● **Required work**: From the entries that follow, reproduce exactly and only the lines from the line with "Milky blue glacial" to the line with "Multiquip operation manual", endpoints included.

● **Data for this exercise**:
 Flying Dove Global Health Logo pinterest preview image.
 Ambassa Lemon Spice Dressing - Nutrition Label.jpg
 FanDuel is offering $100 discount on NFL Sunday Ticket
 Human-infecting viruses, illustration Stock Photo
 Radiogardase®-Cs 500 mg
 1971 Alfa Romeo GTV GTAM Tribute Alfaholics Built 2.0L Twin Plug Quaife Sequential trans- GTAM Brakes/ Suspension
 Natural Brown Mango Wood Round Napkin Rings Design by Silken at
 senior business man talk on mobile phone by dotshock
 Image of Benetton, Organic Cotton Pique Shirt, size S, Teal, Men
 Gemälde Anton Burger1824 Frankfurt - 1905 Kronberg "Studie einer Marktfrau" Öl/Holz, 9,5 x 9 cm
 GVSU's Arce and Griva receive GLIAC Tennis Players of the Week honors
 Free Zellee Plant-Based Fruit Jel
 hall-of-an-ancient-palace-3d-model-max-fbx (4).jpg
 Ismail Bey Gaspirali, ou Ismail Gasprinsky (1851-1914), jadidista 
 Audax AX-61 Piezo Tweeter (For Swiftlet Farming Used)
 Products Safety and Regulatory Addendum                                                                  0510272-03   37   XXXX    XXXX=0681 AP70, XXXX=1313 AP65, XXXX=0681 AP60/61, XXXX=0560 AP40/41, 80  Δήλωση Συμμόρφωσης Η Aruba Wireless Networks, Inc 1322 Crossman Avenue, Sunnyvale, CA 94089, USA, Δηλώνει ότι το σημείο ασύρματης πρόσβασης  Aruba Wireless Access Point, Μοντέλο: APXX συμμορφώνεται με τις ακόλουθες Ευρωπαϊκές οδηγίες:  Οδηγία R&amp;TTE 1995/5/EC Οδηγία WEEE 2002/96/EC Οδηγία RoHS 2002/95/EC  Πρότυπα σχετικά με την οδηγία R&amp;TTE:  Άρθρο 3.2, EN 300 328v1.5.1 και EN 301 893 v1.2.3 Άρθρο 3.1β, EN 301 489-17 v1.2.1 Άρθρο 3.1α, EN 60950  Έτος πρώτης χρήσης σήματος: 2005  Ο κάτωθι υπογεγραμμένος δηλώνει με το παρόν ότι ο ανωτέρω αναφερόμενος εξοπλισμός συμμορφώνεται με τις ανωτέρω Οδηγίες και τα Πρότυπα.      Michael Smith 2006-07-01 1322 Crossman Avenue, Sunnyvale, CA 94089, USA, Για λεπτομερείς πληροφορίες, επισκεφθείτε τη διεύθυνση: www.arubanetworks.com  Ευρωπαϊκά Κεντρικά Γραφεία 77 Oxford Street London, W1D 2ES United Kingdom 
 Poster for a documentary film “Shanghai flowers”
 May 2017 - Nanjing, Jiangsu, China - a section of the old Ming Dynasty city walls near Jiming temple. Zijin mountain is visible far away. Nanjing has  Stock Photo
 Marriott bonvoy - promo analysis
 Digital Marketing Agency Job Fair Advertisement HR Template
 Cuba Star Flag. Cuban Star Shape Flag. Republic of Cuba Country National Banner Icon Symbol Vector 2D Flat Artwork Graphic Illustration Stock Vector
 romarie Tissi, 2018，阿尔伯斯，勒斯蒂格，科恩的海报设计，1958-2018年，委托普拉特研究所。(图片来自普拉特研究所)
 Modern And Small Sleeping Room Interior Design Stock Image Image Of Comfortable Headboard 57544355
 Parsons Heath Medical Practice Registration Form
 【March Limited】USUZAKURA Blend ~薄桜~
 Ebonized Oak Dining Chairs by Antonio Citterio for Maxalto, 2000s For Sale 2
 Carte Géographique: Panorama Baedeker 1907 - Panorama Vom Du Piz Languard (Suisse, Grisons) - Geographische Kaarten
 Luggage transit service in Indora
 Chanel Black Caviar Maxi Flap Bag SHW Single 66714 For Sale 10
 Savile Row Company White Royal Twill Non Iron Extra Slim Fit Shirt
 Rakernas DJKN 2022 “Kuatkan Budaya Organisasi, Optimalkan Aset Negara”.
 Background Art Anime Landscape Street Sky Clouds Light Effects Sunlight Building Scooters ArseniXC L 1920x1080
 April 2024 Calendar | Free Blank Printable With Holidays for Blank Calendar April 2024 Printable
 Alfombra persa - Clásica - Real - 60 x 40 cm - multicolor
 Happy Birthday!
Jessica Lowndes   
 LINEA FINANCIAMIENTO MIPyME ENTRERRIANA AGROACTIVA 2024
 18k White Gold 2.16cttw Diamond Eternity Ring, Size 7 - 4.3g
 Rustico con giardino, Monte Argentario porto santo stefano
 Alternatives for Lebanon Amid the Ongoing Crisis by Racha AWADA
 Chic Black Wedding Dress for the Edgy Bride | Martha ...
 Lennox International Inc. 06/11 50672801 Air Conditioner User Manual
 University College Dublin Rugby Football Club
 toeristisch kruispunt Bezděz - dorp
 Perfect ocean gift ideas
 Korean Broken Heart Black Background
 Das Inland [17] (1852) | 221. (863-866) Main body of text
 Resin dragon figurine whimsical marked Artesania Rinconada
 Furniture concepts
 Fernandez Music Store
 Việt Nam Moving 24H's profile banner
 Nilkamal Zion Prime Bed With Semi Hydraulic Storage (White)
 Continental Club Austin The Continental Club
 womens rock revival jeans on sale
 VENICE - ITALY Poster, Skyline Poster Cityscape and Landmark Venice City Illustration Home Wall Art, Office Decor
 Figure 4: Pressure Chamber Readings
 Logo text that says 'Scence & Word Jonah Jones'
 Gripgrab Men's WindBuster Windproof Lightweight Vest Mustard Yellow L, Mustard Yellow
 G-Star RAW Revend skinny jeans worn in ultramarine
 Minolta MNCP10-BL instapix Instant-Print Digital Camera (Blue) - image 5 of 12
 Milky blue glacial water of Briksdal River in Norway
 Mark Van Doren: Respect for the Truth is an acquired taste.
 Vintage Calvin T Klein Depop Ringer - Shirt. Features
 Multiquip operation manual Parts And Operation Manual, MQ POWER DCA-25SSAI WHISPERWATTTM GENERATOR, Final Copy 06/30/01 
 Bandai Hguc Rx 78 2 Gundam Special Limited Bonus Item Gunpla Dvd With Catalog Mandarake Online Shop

● **Answer box**:
 Milky blue glacial water of Briksdal River in Norway
 Mark Van Doren: Respect for the Truth is an acquired taste.
 Vintage Calvin T Klein Depop Ringer - Shirt. Features
 Multiquip operation manual Parts And Operation Manual, MQ POWER DCA-25SSAI WHISPERWATTTM GENERATOR, Final Copy 06/30/01 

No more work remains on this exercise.